The repercussions are as dire for producers, importers and exporters as they are for the local consumer. The shortage generated debate as to whether the Bank of Ghana should intervene and fix the rate for the cedi instead of allowing the forces of demand and supply to be the denominator.

The Ghana Union Traders' Association (GUTA), an umbrella for importers, exporters, wholesalers and retailers urged the Bank of Ghana to peg the dollar at ?2500 for the purpose of clearing at the ports.

GUTA asked the government to check activities of some foreign investors who turn to trading, thereby putting pressure on the cedi. GUTA also asked Bank of Ghana to check the operations of the Forex Bureaux and ensure that they comply with the rules of the business.

Some Forex Bureau operators argue they have not breached the rules.
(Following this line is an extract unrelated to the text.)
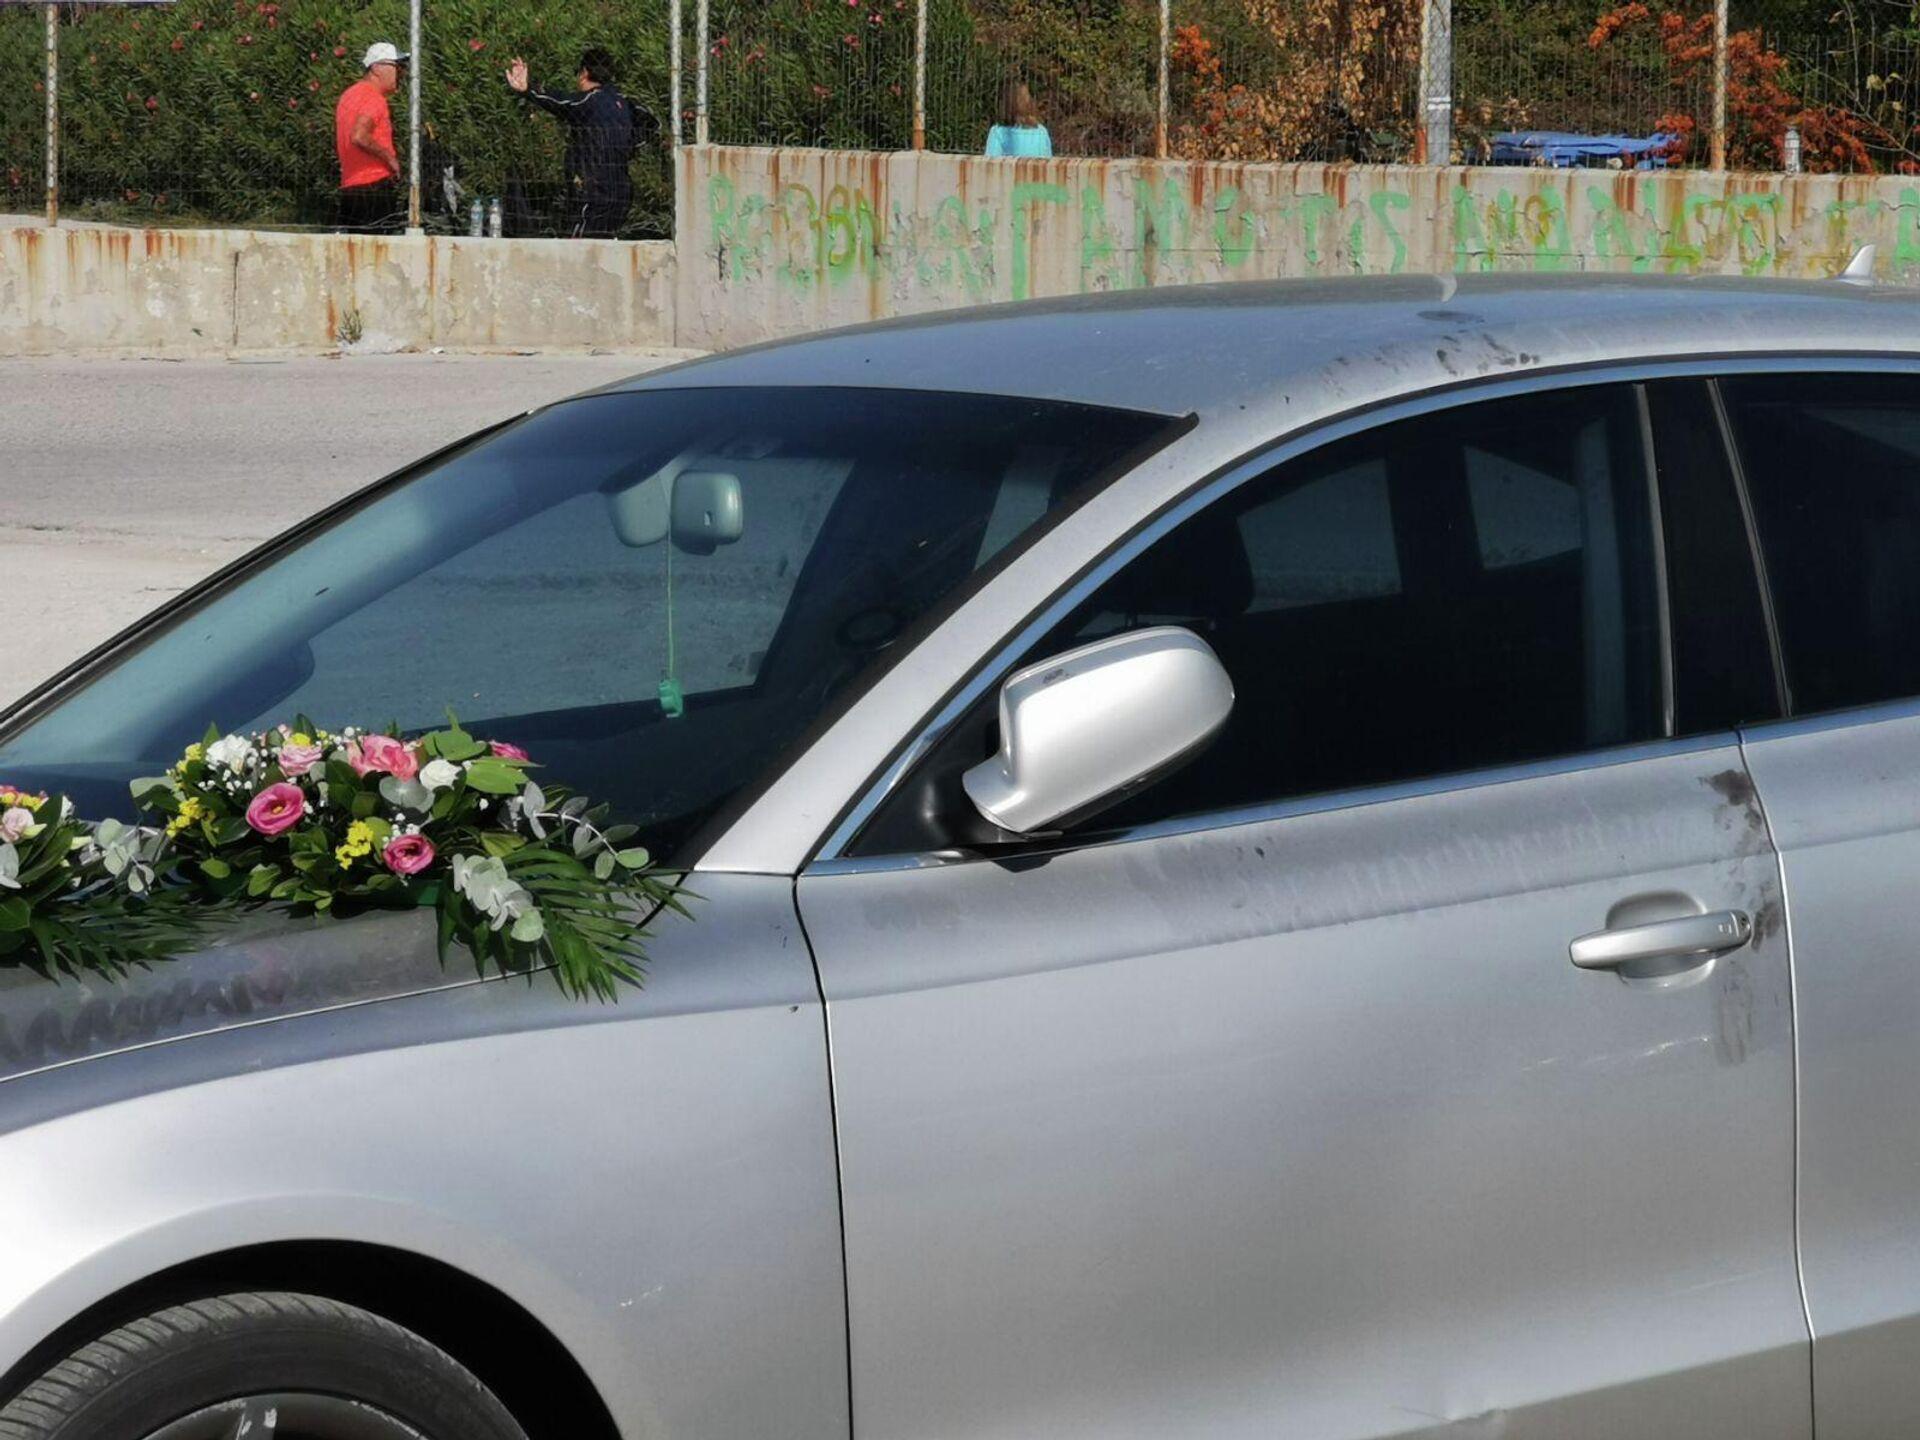 Λουλούδια στο αυτοκίνητο μέσα στο οποίο βρέθηκε νεκρός ο Νίκος Τσουμάνης - Sputnik Ελλάδα, 1920, 05.10.2021

Rather, it is the activities of the black marketers and the commercial banks that are to blame. One operator told The Accra Mail that the Bank of Ghana took a right decision when it shut exchange operations from the commercial banks, to allow the Forex Bureaux to function effectively. But they are sad that the same Central Bank now looks on as commercial banks compete neck to neck with them. They demanded the BoG to ensure that the commercial banks restrict their operations to their traditional banking activities.

FB operators have disclosed that formerly commercial banks sold foreign currencies at least once a week. Now it is once every three months. This is because the banks also sell directly to the public. Some banks are even reported to be buying from the black market for sale to their clients.

This, they say, has encouraged the activities of the black marketers. According to the operators, the black marketers are still doing brisk business despite police swoops on them a few weeks ago. Indications are that many FBs are distressed. A very popular FB in the heart of the city last week received a mere $130 sales for Monday and $200 on Tuesday. 'Instead of addressing the black market, the Bank of Ghana is rather tackling the FBs,' one operator lamented.

She said the BoG's own regulations are more of a disincentive to the industry. For instance, a customer who walks into a FB to change foreign currency is required to give out his/her name, nationality, residential address, postal address, passport/driving licence/ID number. "Is it a crime to possess foreign currency? If yes!, then the deregulation of the exchange market makes no sense." She adds that whereas these stiff requirements are enforced at FBs, at the black market, no particulars are required.

Another operator suggested that the BoG should allow foreign remittances to pass through multiple channels, as was the practice in the past. The source explained that the banks, which are at the moment the only channels for remittances, keep the currencies with them, thus denying the FBs currency for their operations. In the past, when expatriates were paid in foreign currencies, they kept the market busy. FB operators feel that the BoG should allow expatriates to receive their salaries in foreign currencies.